Could transport become a battleground?

Could transport become a battleground?

Will this focus attention on the issue of ‘privatisation’?

Two big news stories in the last day or so – the postponement of the partial sale of Royal Mail (Lord Mandelson cited current economic circumstances, and potential buyers being unable to offer deals that were value for money), and the temporary nationalisation of the East Coast Line rail franchise by Lord Adonis.

The Royal Mail part-privatisation delay will mollify union opposition (who are, let us not forget, Alan Johnson’s base of support), but it is the government intervention in the railways that has really caught my eye.

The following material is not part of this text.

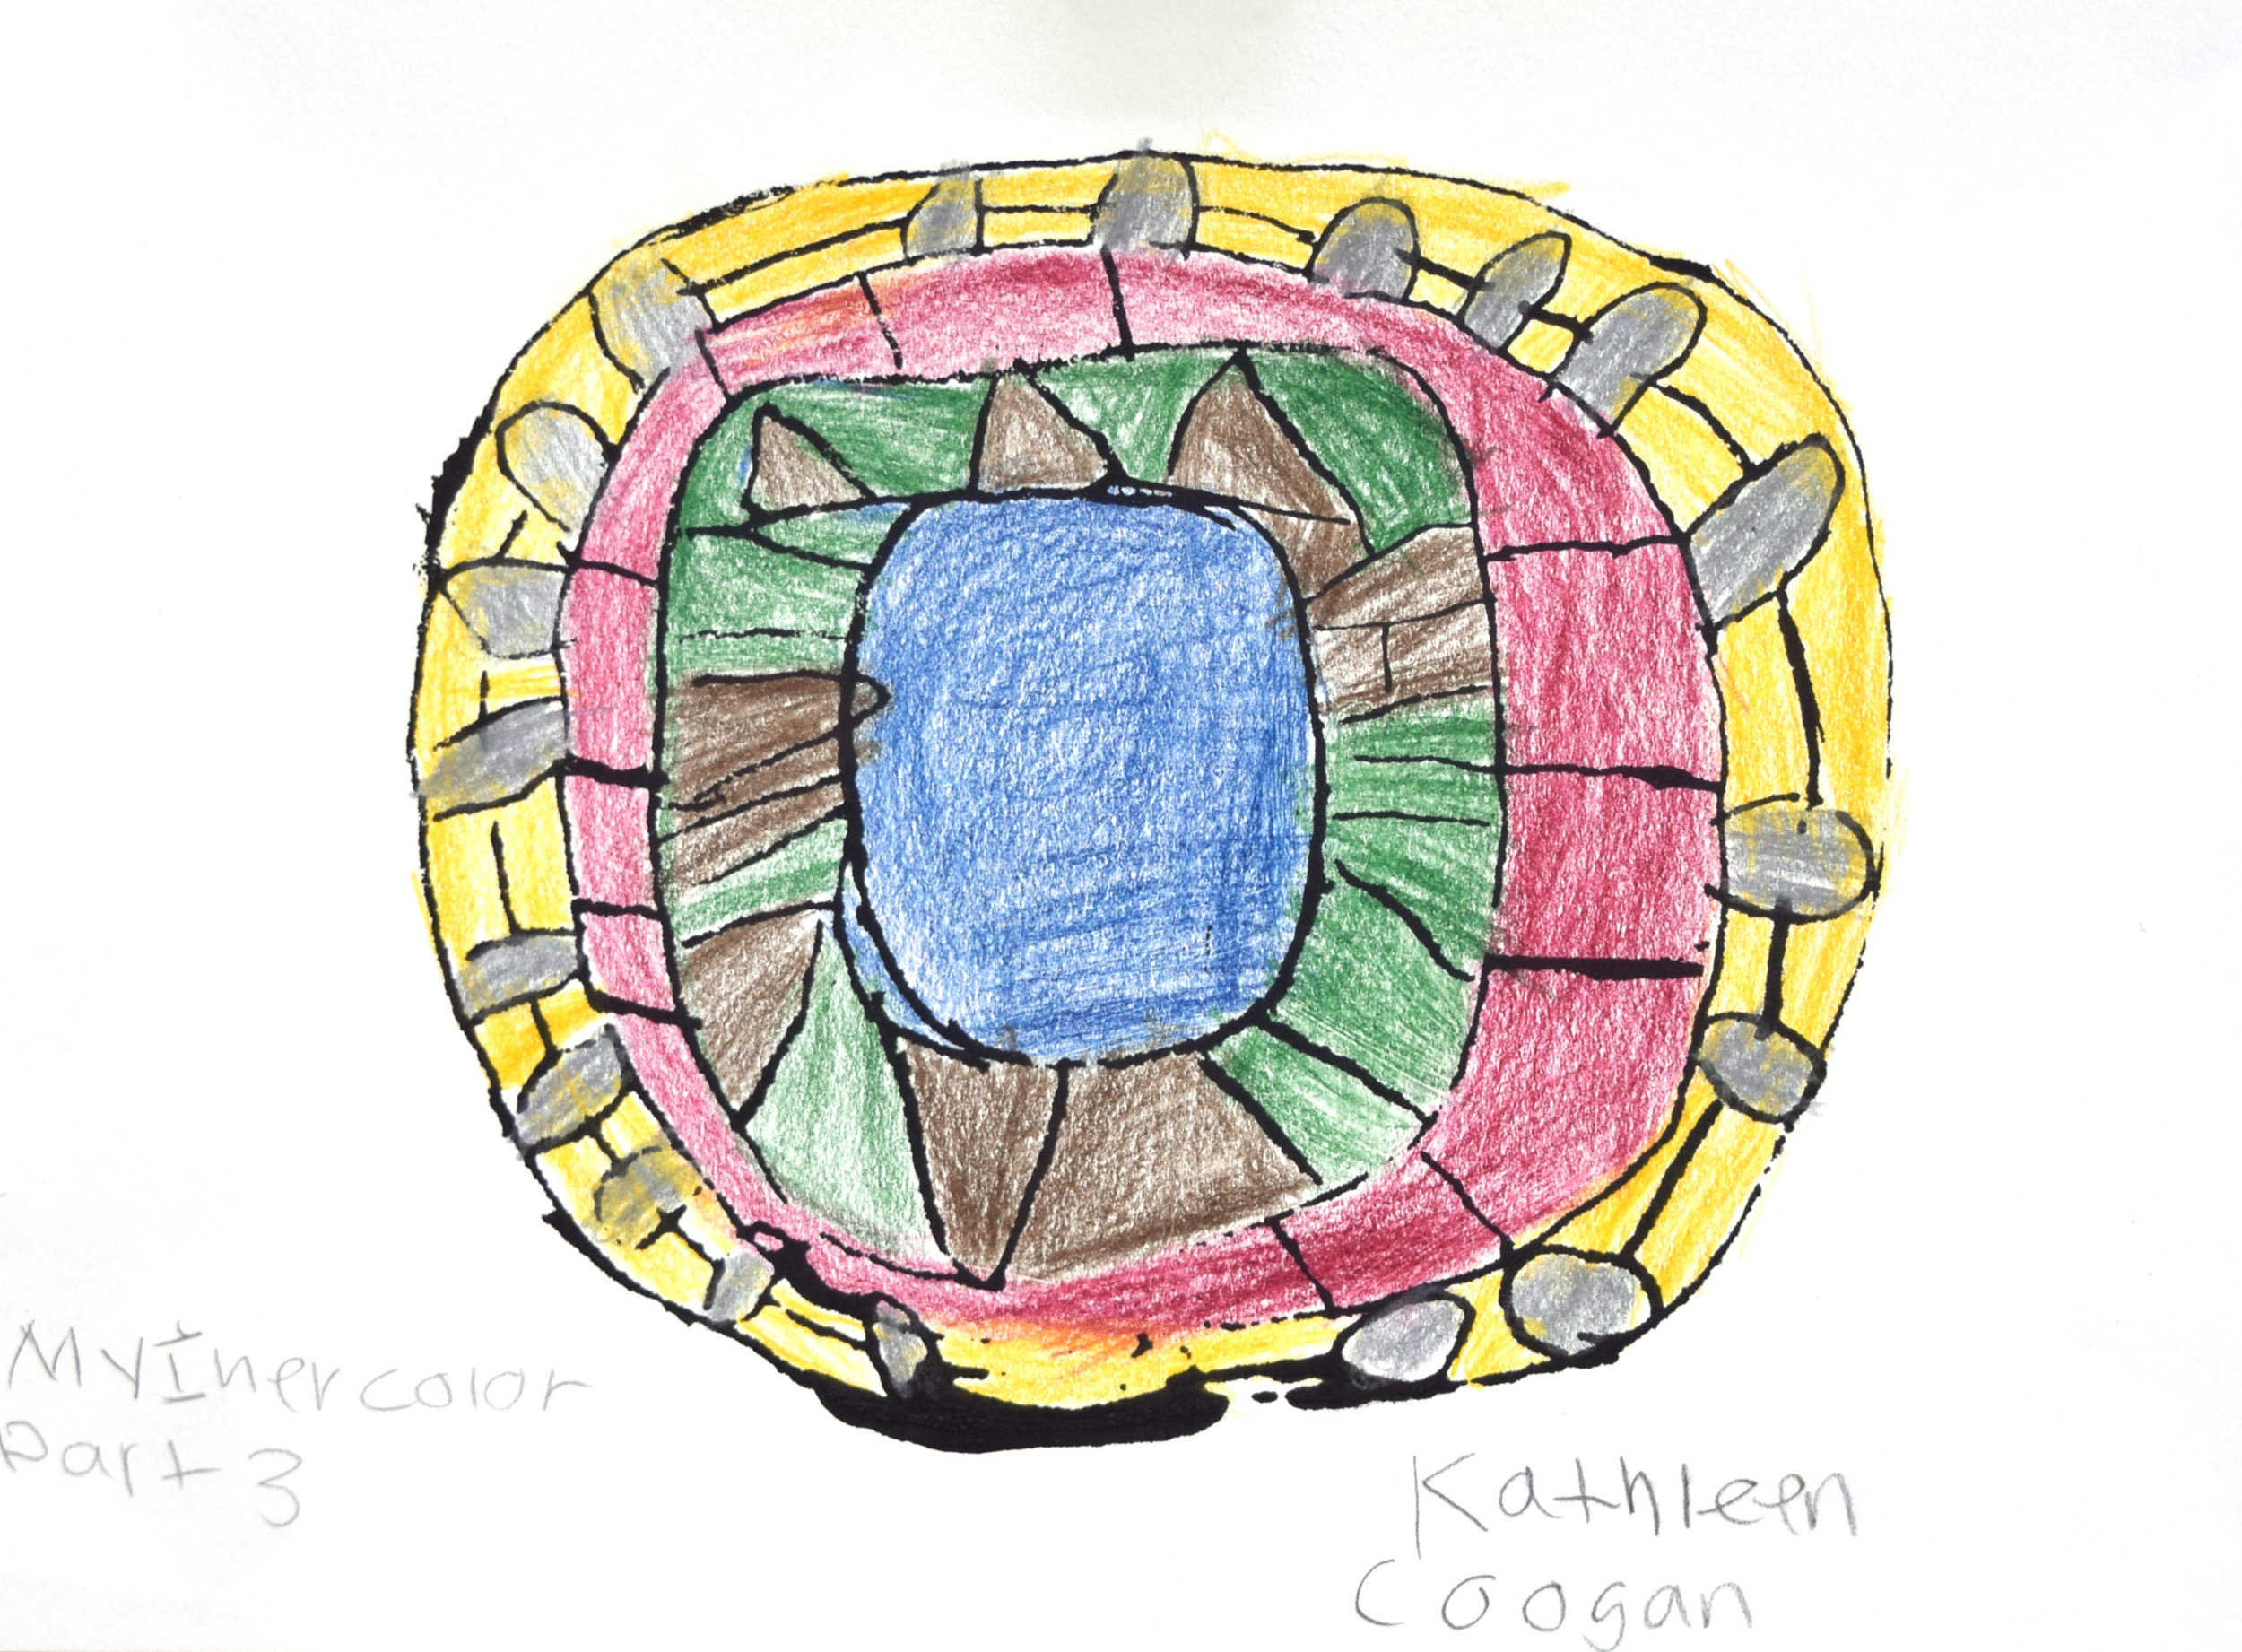 Kathleen Coogan

When you consider the percentage of voters lives taken up with commuting and travelling, against the rather more narrow and rarer instances in which voters encounter the education and health services, it has always surprised me that governments neglect transport by comparison. If government’s win re-election because of general satisfaction with quality of life, it has always seemed to me that the most frequent and vitriolic dissatisfaction is from those who endure packed commuter trains, severe traffic jams, and unbearably warm Underground carriages. The accumulation of daily frustration, it seems to me, would have far more of a negative sway on how contented people feel compared to the average 25-65 year old who rarely engages with the education or health systems.

Rail nationalisation is an awkward subject, because the privatisation of the Rail network is still held to be a model of how things shouldn’t be transferred out of public ownership. I make no judgement on whether rail should be public or privately owned, but even the mention of the debate tends to draw stark lines amongst commuters, brings back the struggles of a bygone decade, and hardens opinion.

I don’t fully understand why Lord Adonis took the remarkable step of temporary nationalisation of the line which had been run by National Express, when GNER (on the same line in the same circumstance) continued to run the franchise under management contract until a new TOC could be found (see Tom Harris MP’s blog – he was Transport Minister at the time). One school of thought would say that the government should be seeking to avoid blame for everything possible, and so inheriting millions of disgruntled commuters might be a foolish move.

On the other hand, politically speaking, the temporary nationalisation has a couple of tangental benefits for the government. It reminds people of the Tory government that privatised the railways and the less-than-optimal model they implemented. It tips a psychic wink to the left that whilst they might need to transfer some of Royal Mail, there might be an opening for renationalisation of another key asset. Finally, it might focus attention on an area that the Tories have not ringfenced from cuts – we know that Health, Education and International Development will be protected by Cameron’s cabinet: by raising the profile of transport, and allowing the message that an already creaking infrastructure will see less investment is exactly the sort of ‘Tory cuts’ message that Labour can use all across the country.

I, of course, would never be so cynical to suggest that Andrew Adonis had any political motivation for renationalising the East Coast line, but there might be some tangential political benefit for Labour in any case. Lucky that.